RS, MBA Harvard, 1966, "former" Goldman Sachs (GSG) partner, now a finance professor at New York's Stern School. Is RS an idiot or a criminal? RS admits what I've said for decades: major commerical and investment bank cost accounting stinks, causing excessive trader compensation. Imagine, firms hire GSG and its competitors for "financial advice". Why? What do these guys know? Alternatively, RS and his fellow partners knew all along what they were doing and should be indicted for fraud, i.e., defrauding their outside shareholders. This is a disgace. Further, a "former" GSG partner was a our last TreasSec. Treasury is infested with these parasites, on 14 October 2007 I called for a 25-year moratorium on GSG personnel working for Uncle Sam, http://skepticaltexascpa.blogspot.com/2007/10/party-like-its-1929.html. That may not be long enough to purge our system of these parasites. What risk-taking is RS talking about? GSG executives are not capitalists, they are grossly overpaid hired help. Did RS scream about this at GSG? Did he tell GSG's shareholders? Why listen to RS now? Who is he protecting? Where were the compensation consultants like say Hewitt Associates and Pearl/Meyer while this went on? Who needs those guys either? See my 23 and 30 November 2008 posts: http://skepticaltexascpa.blogspot.com/2008/11/bank-accounting.html and http://skepticaltexascpa.blogspot.com/2008/11/more-good-news.html.

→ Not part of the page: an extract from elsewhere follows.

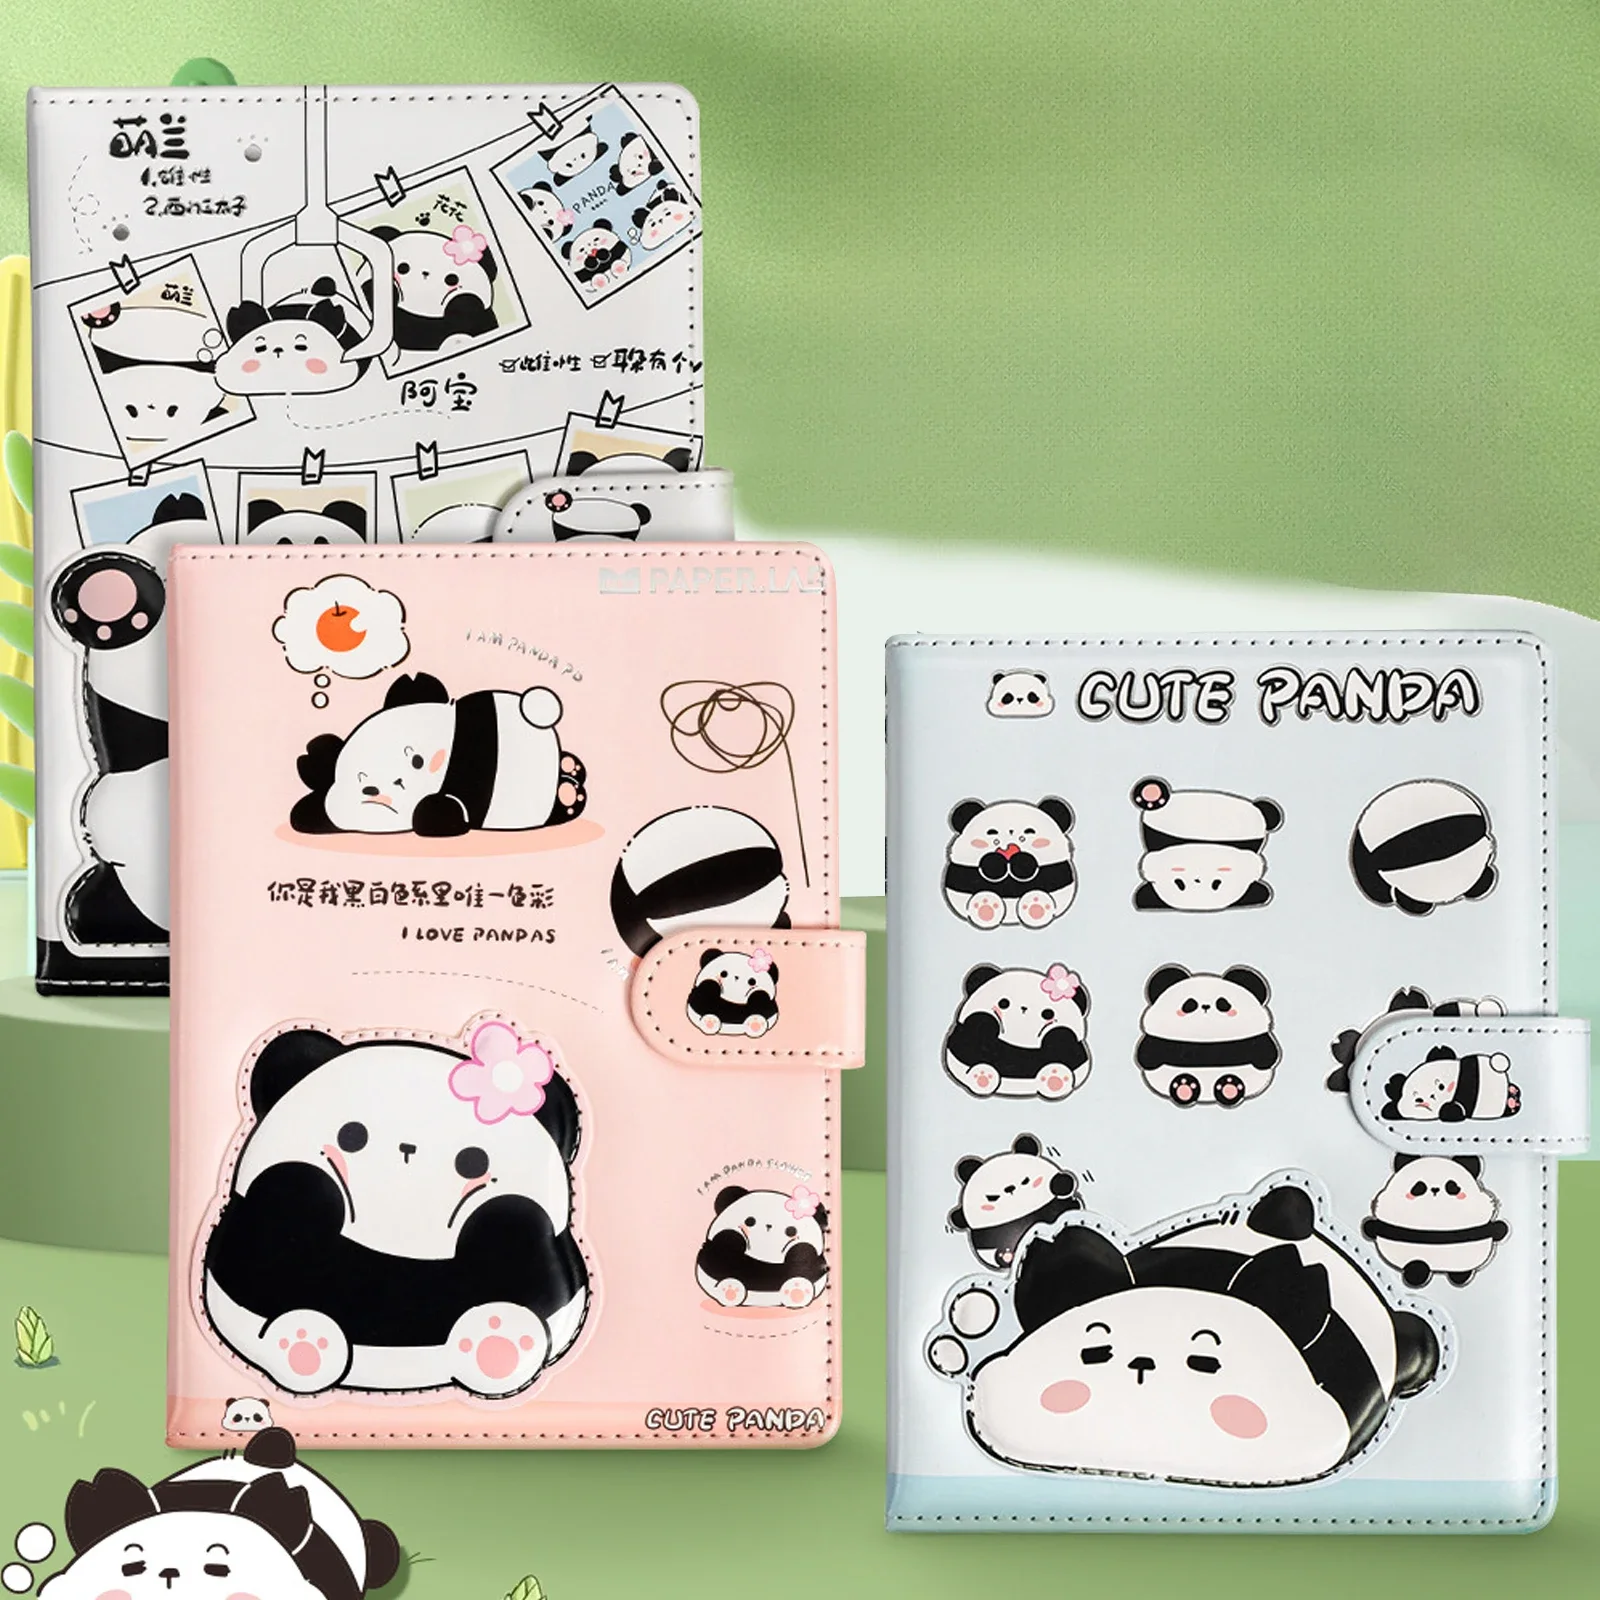 Cute Panda Notebook Agenda Organizer diario blocco note Agenda settimanale calendario diario cancelleria materiale scolastico regali di natale
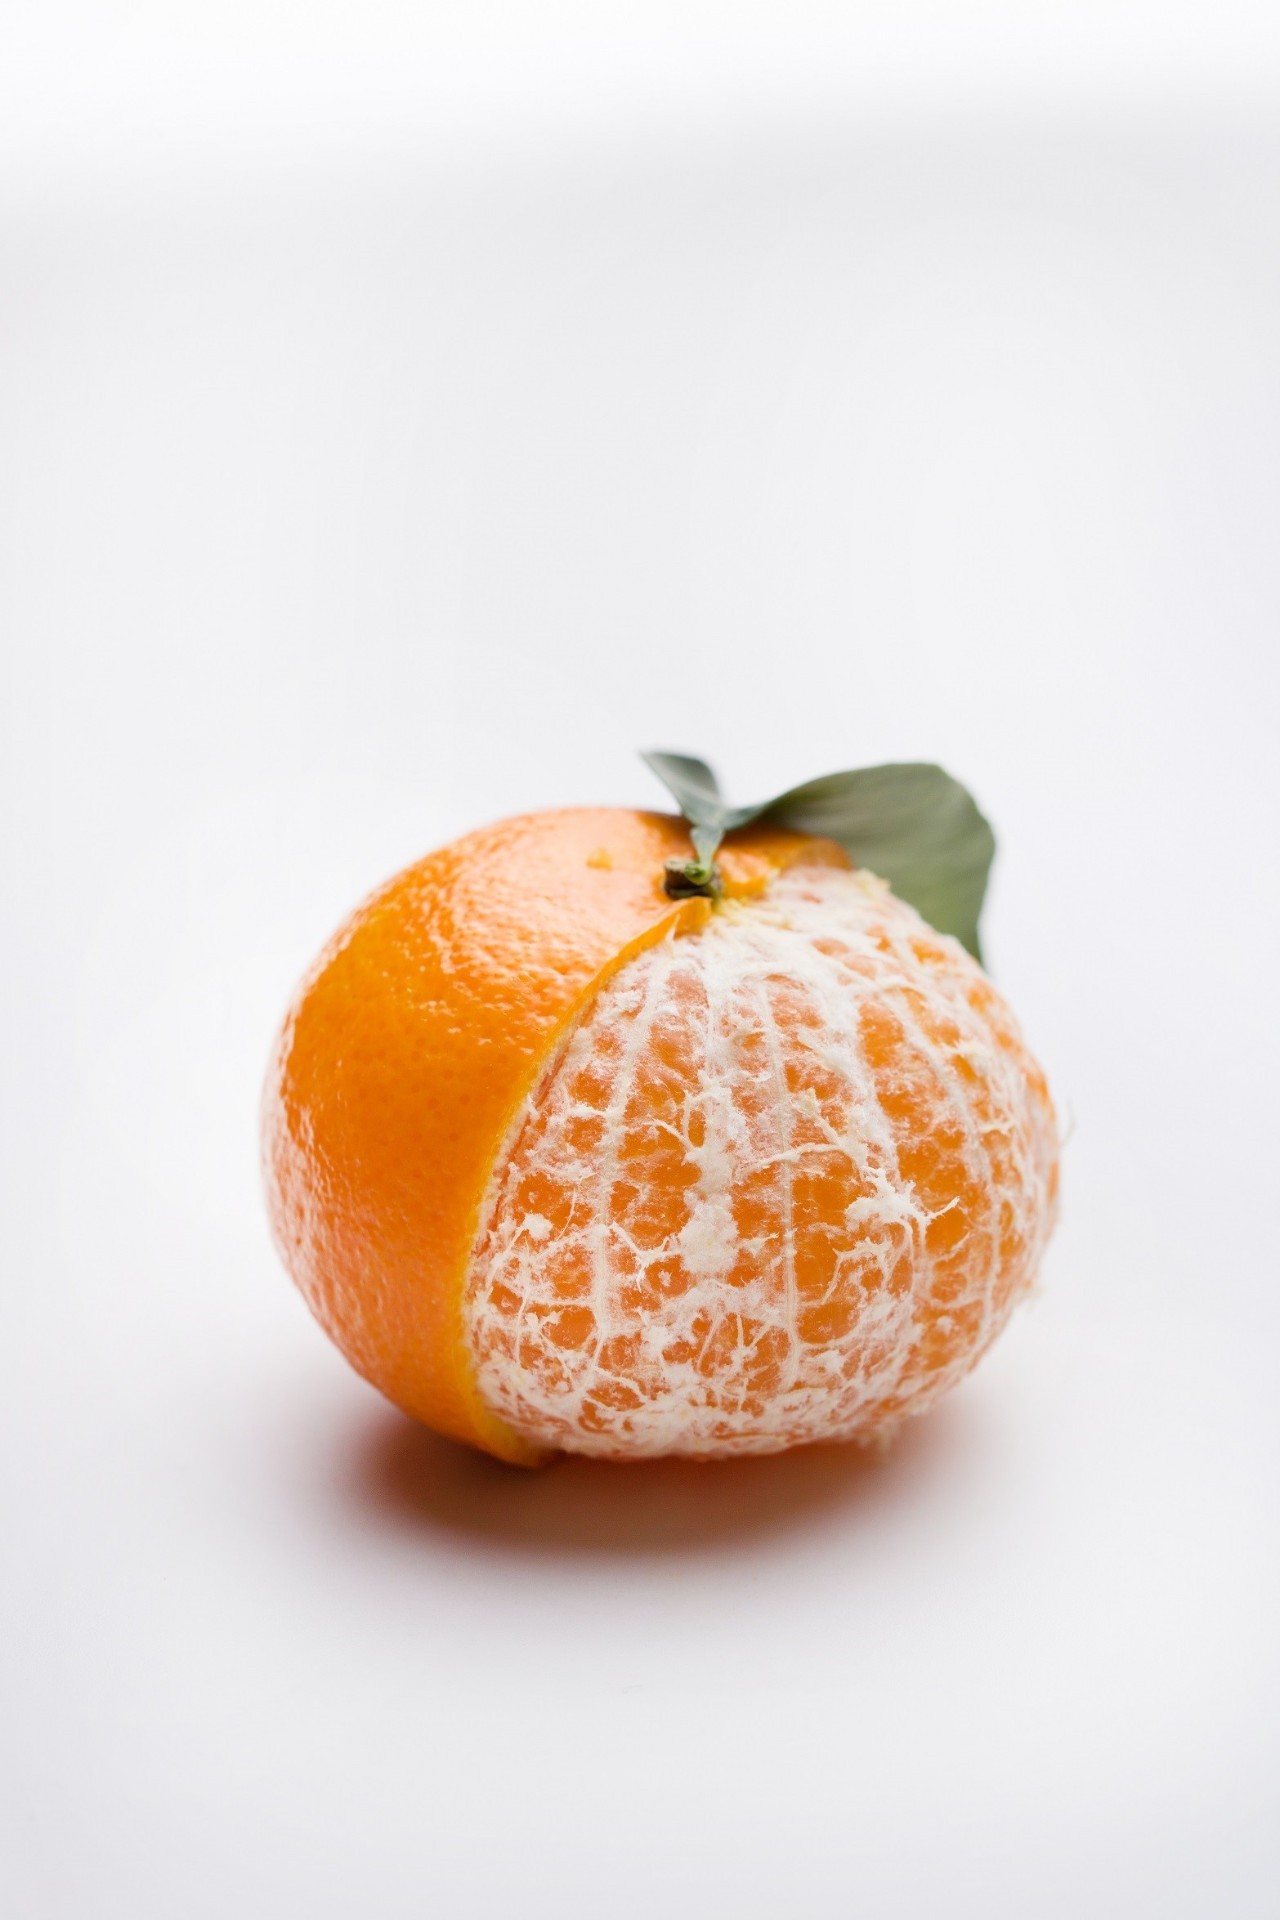 以色列柑橘国家品牌Jaffa 预计Orri橘子对华出口

Get this, it's "public anger" that weakened Wall Street. This clown's arrogance is amazing.

Another Wall Street idiot. A GSG "wizard" would be a fool in any other industry. Thain thought monoline insurance had value, fool. He thought Merrill's trading business was "a reliable profit center". Under what kind of accounting regime? Wall Street must be the most poorly managed business on earth, except for its senior employees.

2 comments:

Anonymous said...

The reason why Goldman Sachs executives are not charged with fraud is because their company is so tied to a lot of other companies which did the same thing. They all have these leveraged deals with each other and if you pop one company then the others pop as well. They will go after the lone wolfs like Madoff since they can pretend he is not tied into the rest of the Wall Street banks. But go after Goldman or one of the other big banks and that will call into question the whole system. The partial bailout of Bear Stern and Lehman Brothers hit the big banks hard already, any more hits and the big banks crash.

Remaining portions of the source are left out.